Viggo Mortensen é esse “fantástico líder“, um homem eremita que se refugia nos densos bosques americanos, dependendo do seu instinto e intelecto para sobreviver (pronto e uma “ajudinha” a nível de segurança social, pormenores, enfim). Em acréscimo, ele é um pai de 6 crias, o qual educa segundo as suas revolucionárias ideologias, promessas feitas para a sua falecida mulher, juras de uma impotente tendência de “mudar o Mundo” da sua própria formatação. Pois bem, até certo caminho, esta “estranheza” nada nova de Capitão Fantástico conquista-nos com a sua crítica social, ingénua é certo, mas constantemente desafiadora da “perfeita comunidade” que se dá pelo nome de EUA.

Neste percurso, previsivelmente anexado a mais uma road trip (como o cinema norte-americano independente adora viagens pela estrada fora), os alvos são muitos, desde a educação escolar (ou a insuficiência desta) até ao entranhar religioso nos nossos dias (a magnífica ideia de Ben substituir o Natal pelo dia de Noam Chomsky), passando pela falta de senso crítico individualista.
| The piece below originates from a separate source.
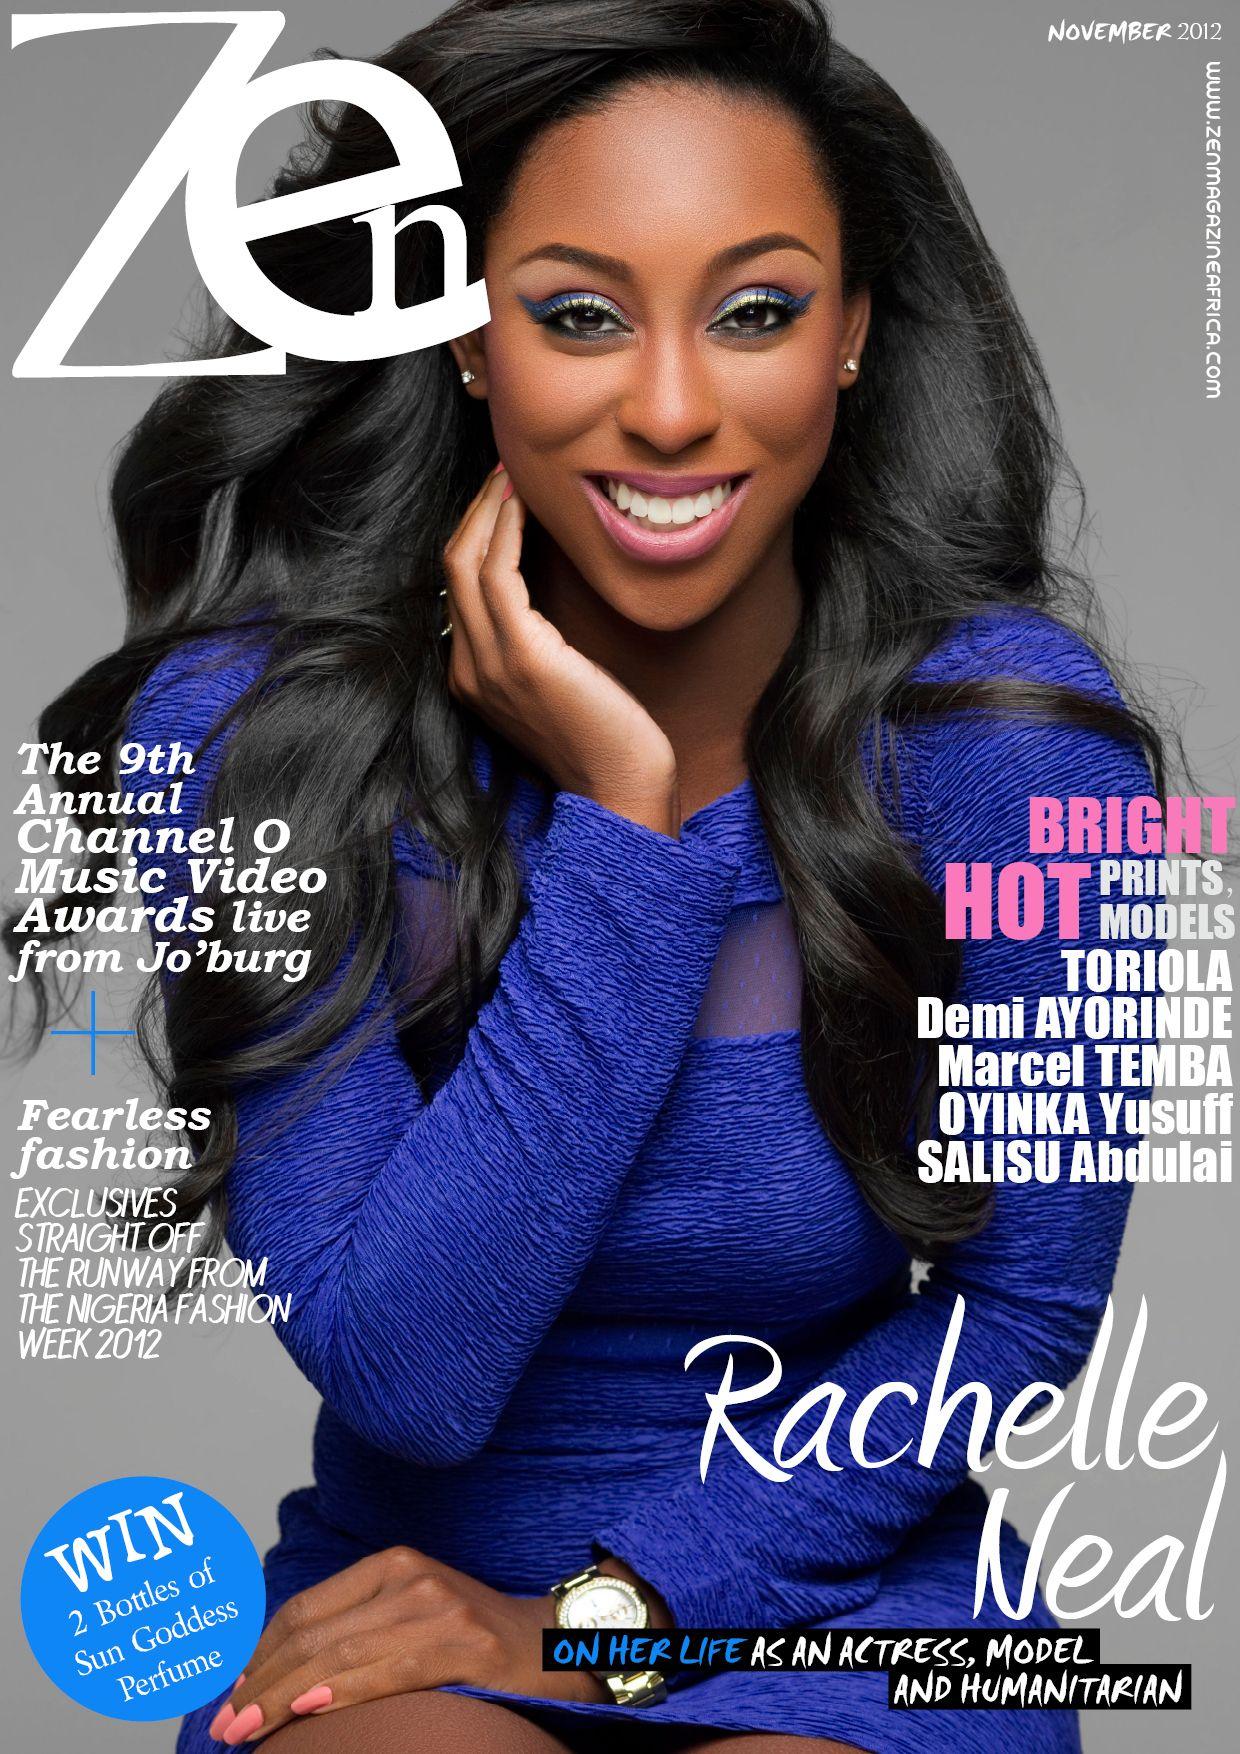 Color zen magazine - Zen Magazine November Cover Is Rachelle Neal

Até determinado ponto, Capitão Fantástico sabe “puxar” os fios de forma correta, porém, estamos a falar de um obra de vertente indie, daquela classe que adequadamente figuraria num Festival de Sundance (na verdade o filme chegou mesmo a estrear no dito festival norte-americano), ou seja, tudo acaba por recorrer ao território moralista, mais do que o suposto intimismo.

Quando o macguffin do filme revela-se numa família atípica a lutar para dar à falecida mãe e mulher um funeral digno às suas “crenças“, entra em cena uns supostos antagonistas, os sogros de Ben (interpretados por Frank Langella e Ann Dowd), fervorosos religiosos e de frutíferas posses. A partir deste momento, Matt Ross tenta encontrar um “meio termo” entre o modo de vida pouco ortodoxa levado a cabo pelo protagonista e dos costumes “normais” de uma cultura ocidentalizada deste par de personagens. Falha a crítica, a perspetiva, a ousadia de transgredir o pensamento comum e por fim, a queda para o registo coming-to-maturity.

“Capitão Fantástico”, alusão ao energético álbum de Elton John (Captain Fantastic and the Brown Dirt Cowboy), sobrevive graças a uma ideia, a uma sugestão que não é levada avante em derivação do politicamente correto que afronta os nossos dias, sem percebemos que essa atitude de não ferir suscetibilidades converte-se na sua maior ofensa. No final é isto, um filme cobarde apenas erguido com a força do seu protagonista. Pois bem, Viggo Mortensen é verdadeiramente o “fantástico” do título. Graças a Noam Chomsky!